Exercise
Reproduce all of the data below without alteration; exclude every picture.

Data below
★ ★ ★ ★ ★

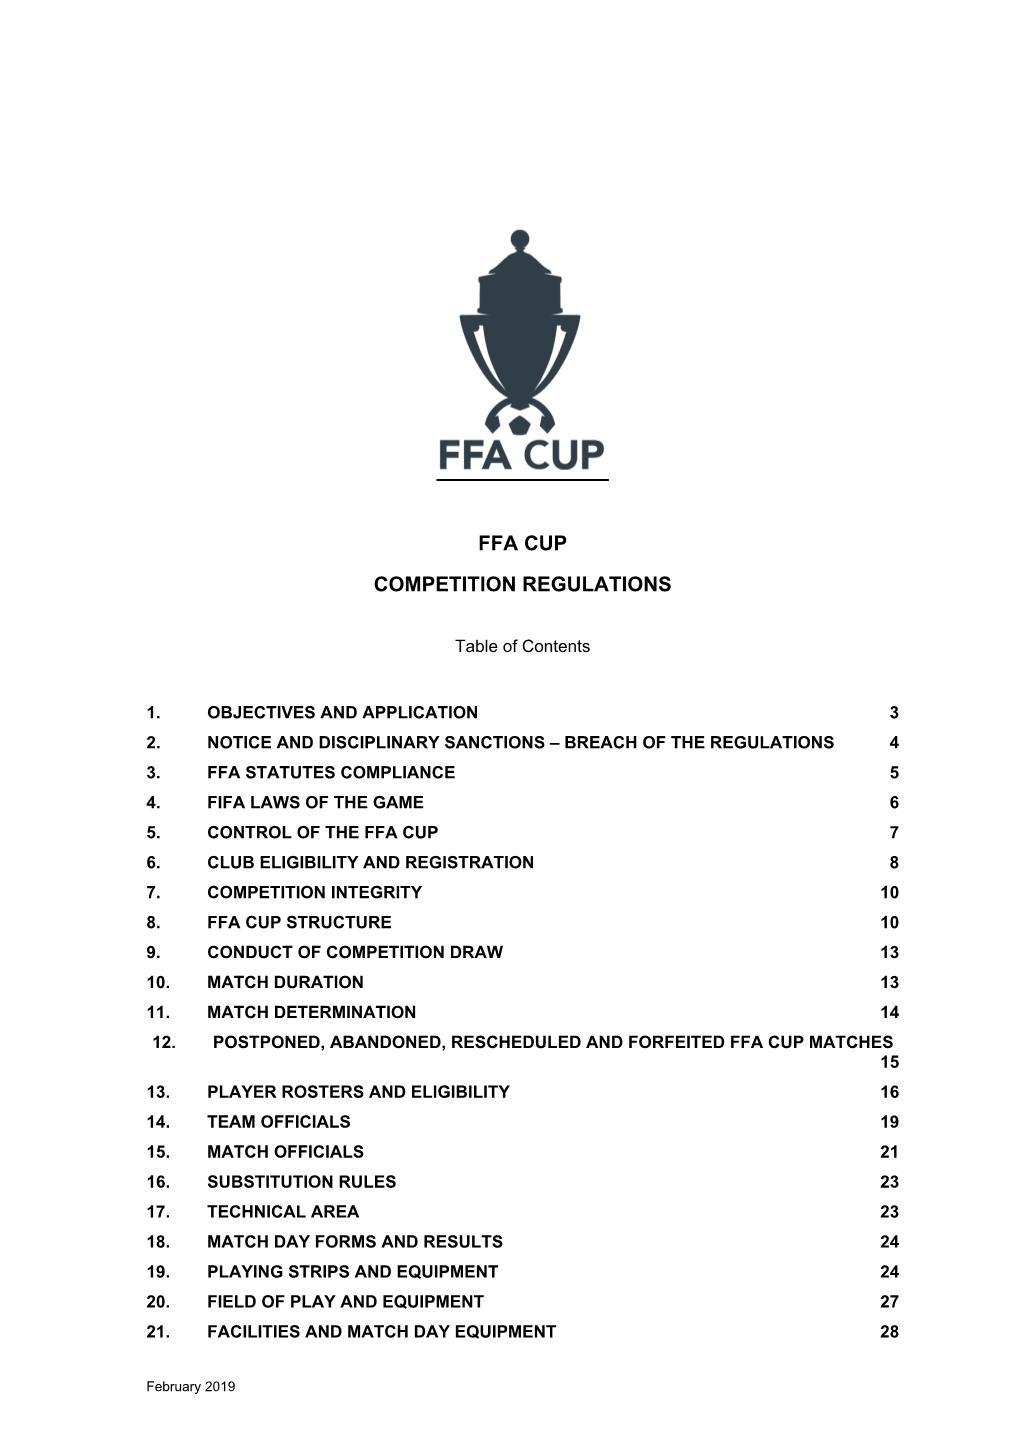 FFA Cup 2019 Competition Regulations
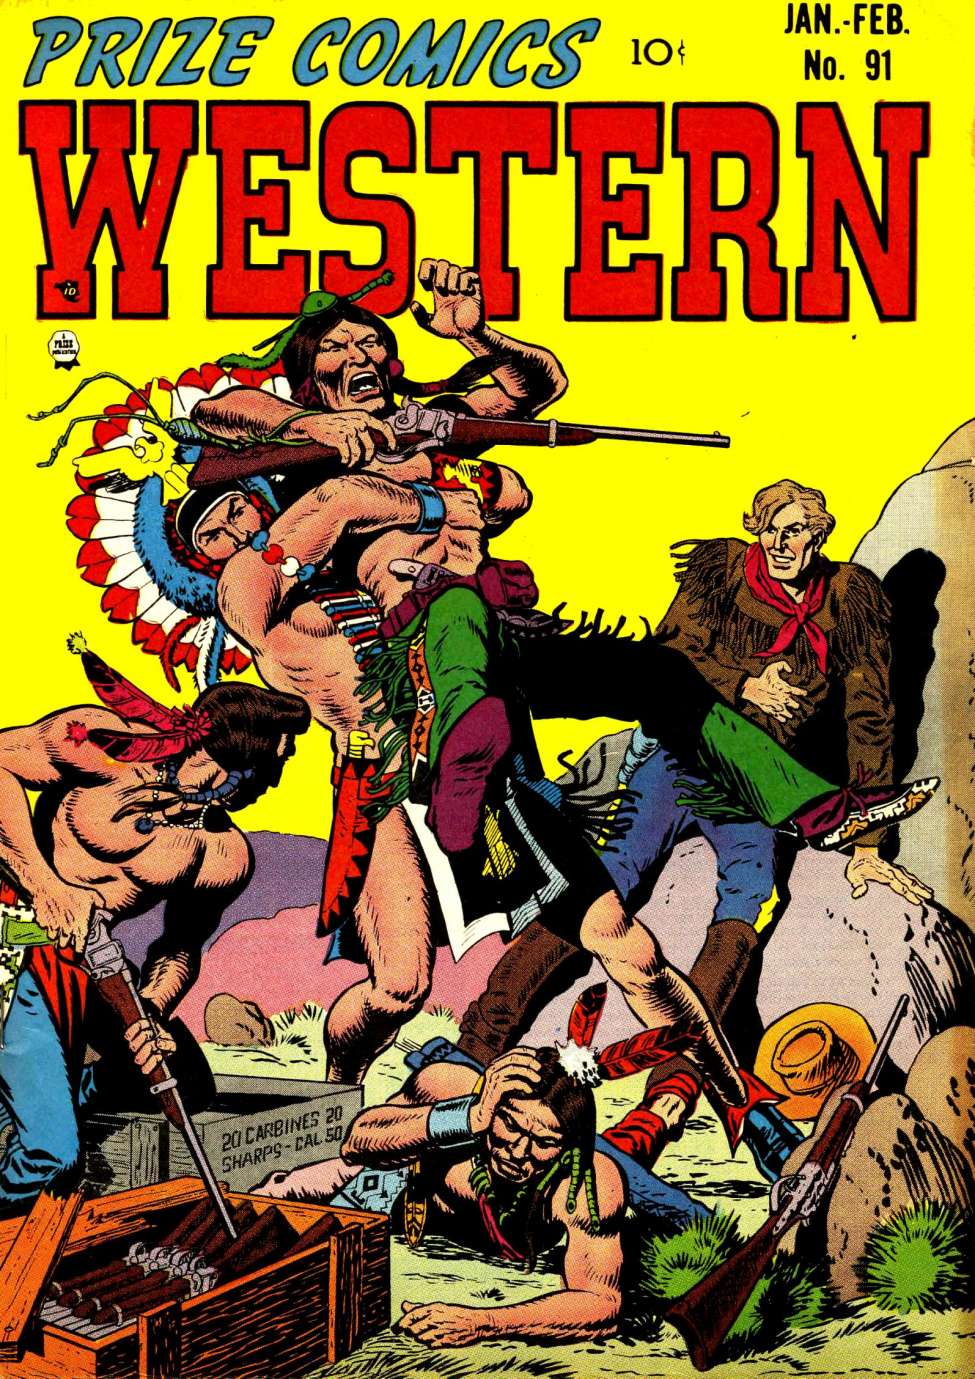 Book Cover For Prize Comics Western 91
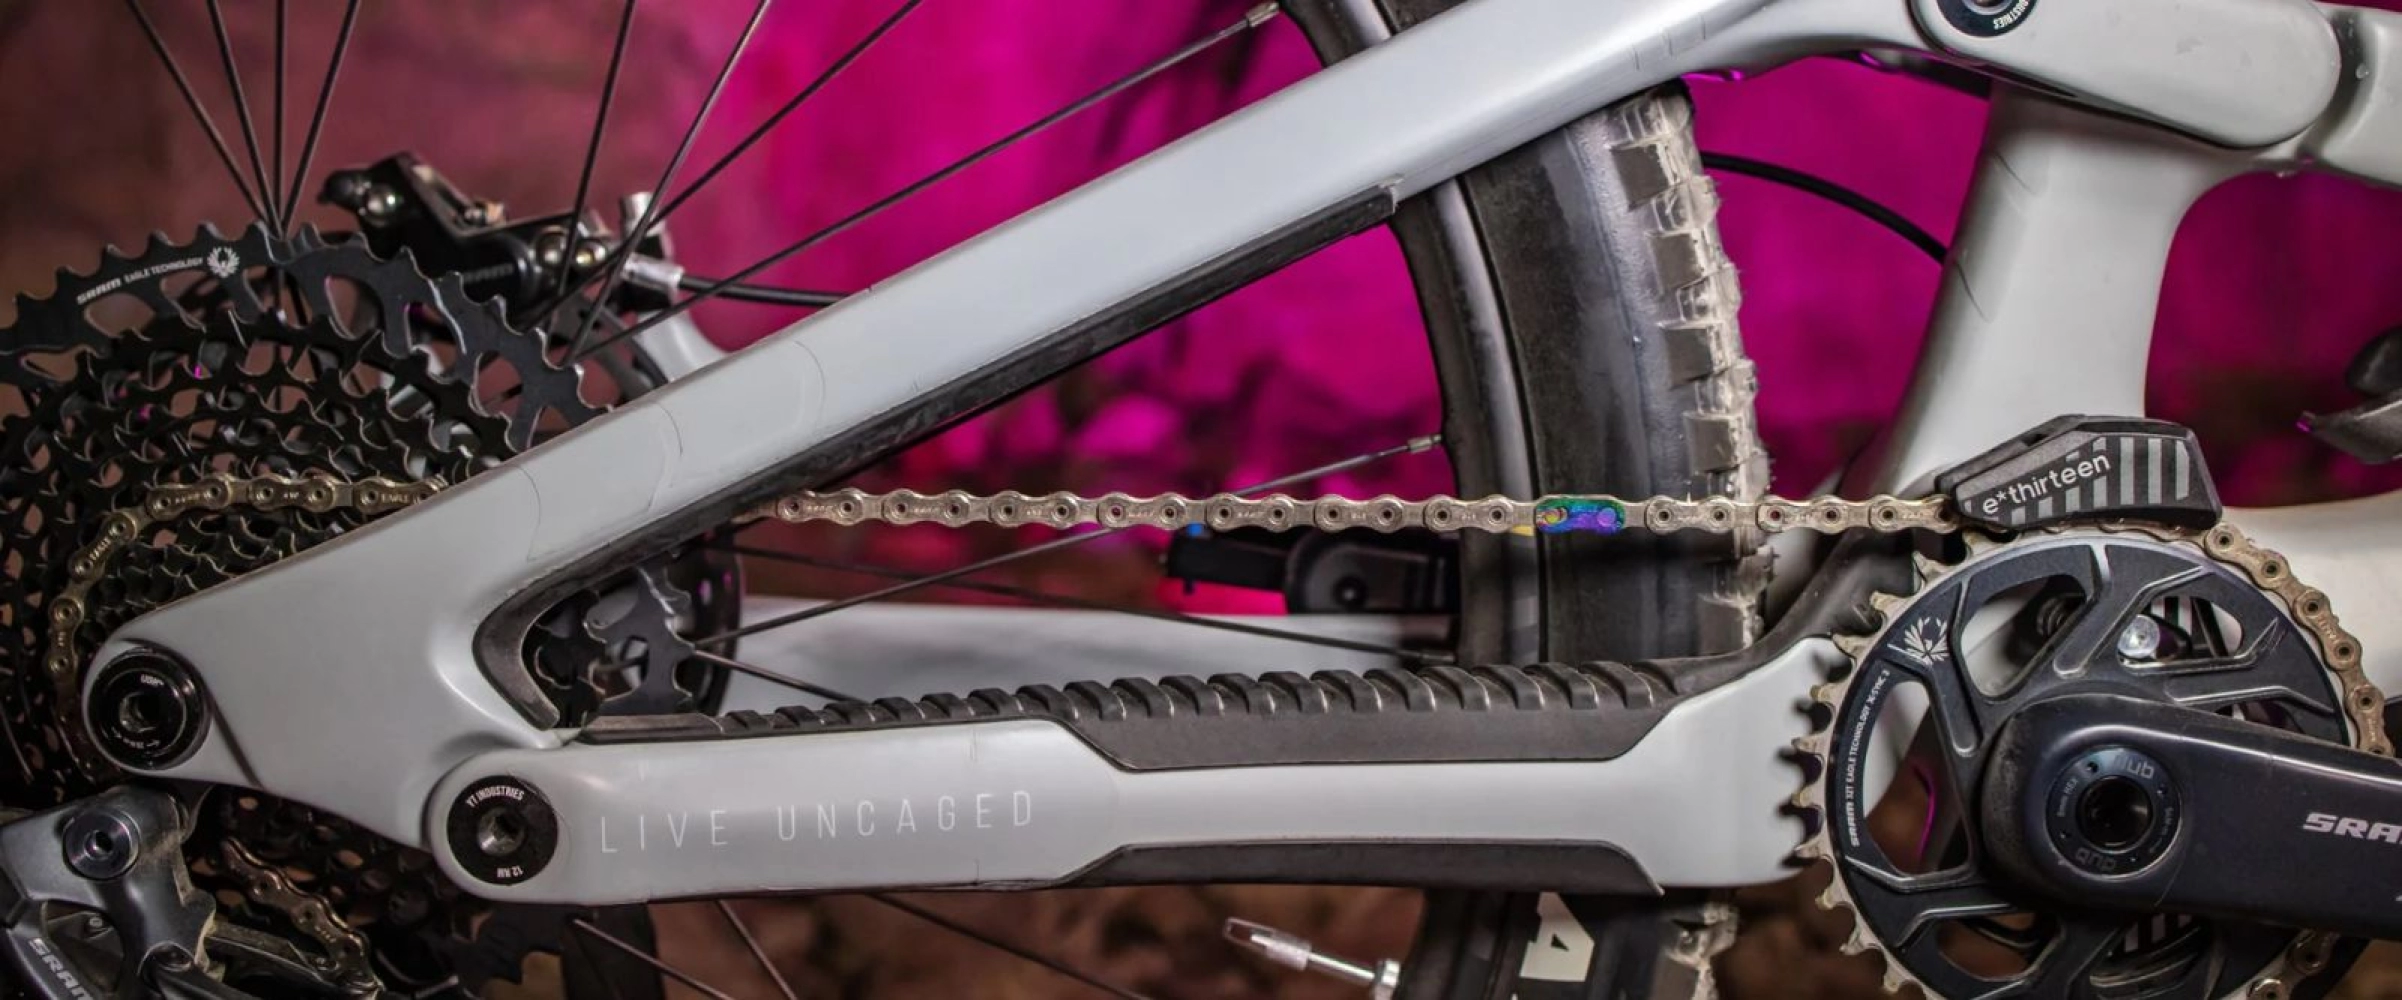 MUC-OFF Chainstay Protection Kit 
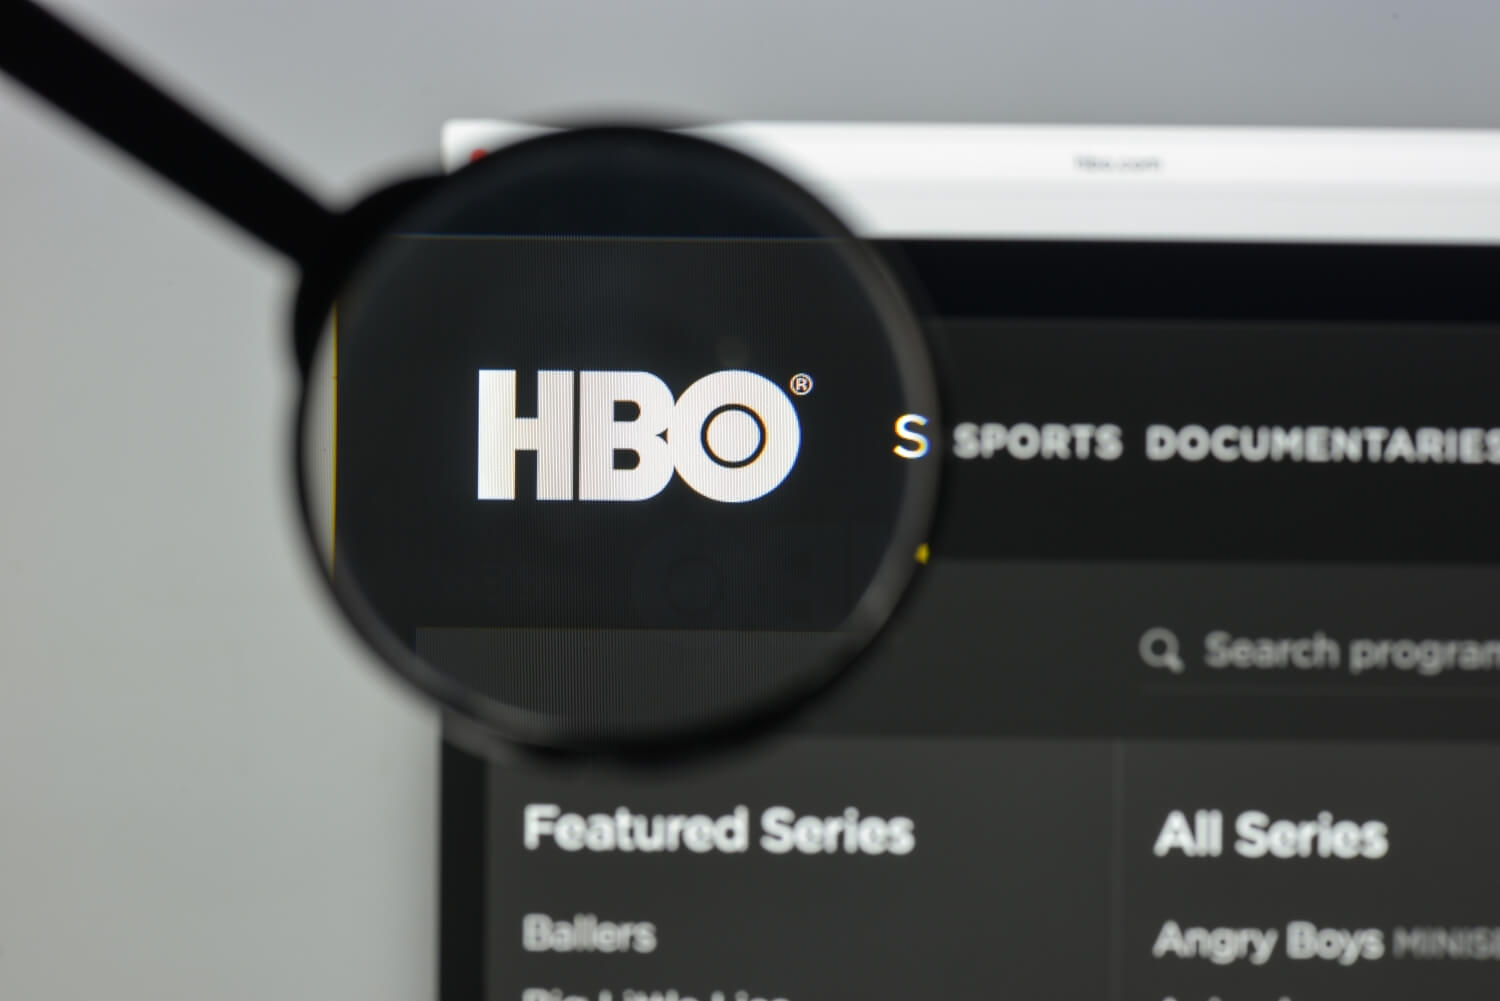 HBO is sunsetting HBO Go later this summer

★ ★ ★ ★ ★

Answer to this exercise
 FFA Cup 2019 Competition Regulations
 Book Cover For Prize Comics Western 91
 MUC-OFF Chainstay Protection Kit 
 HBO is sunsetting HBO Go later this summer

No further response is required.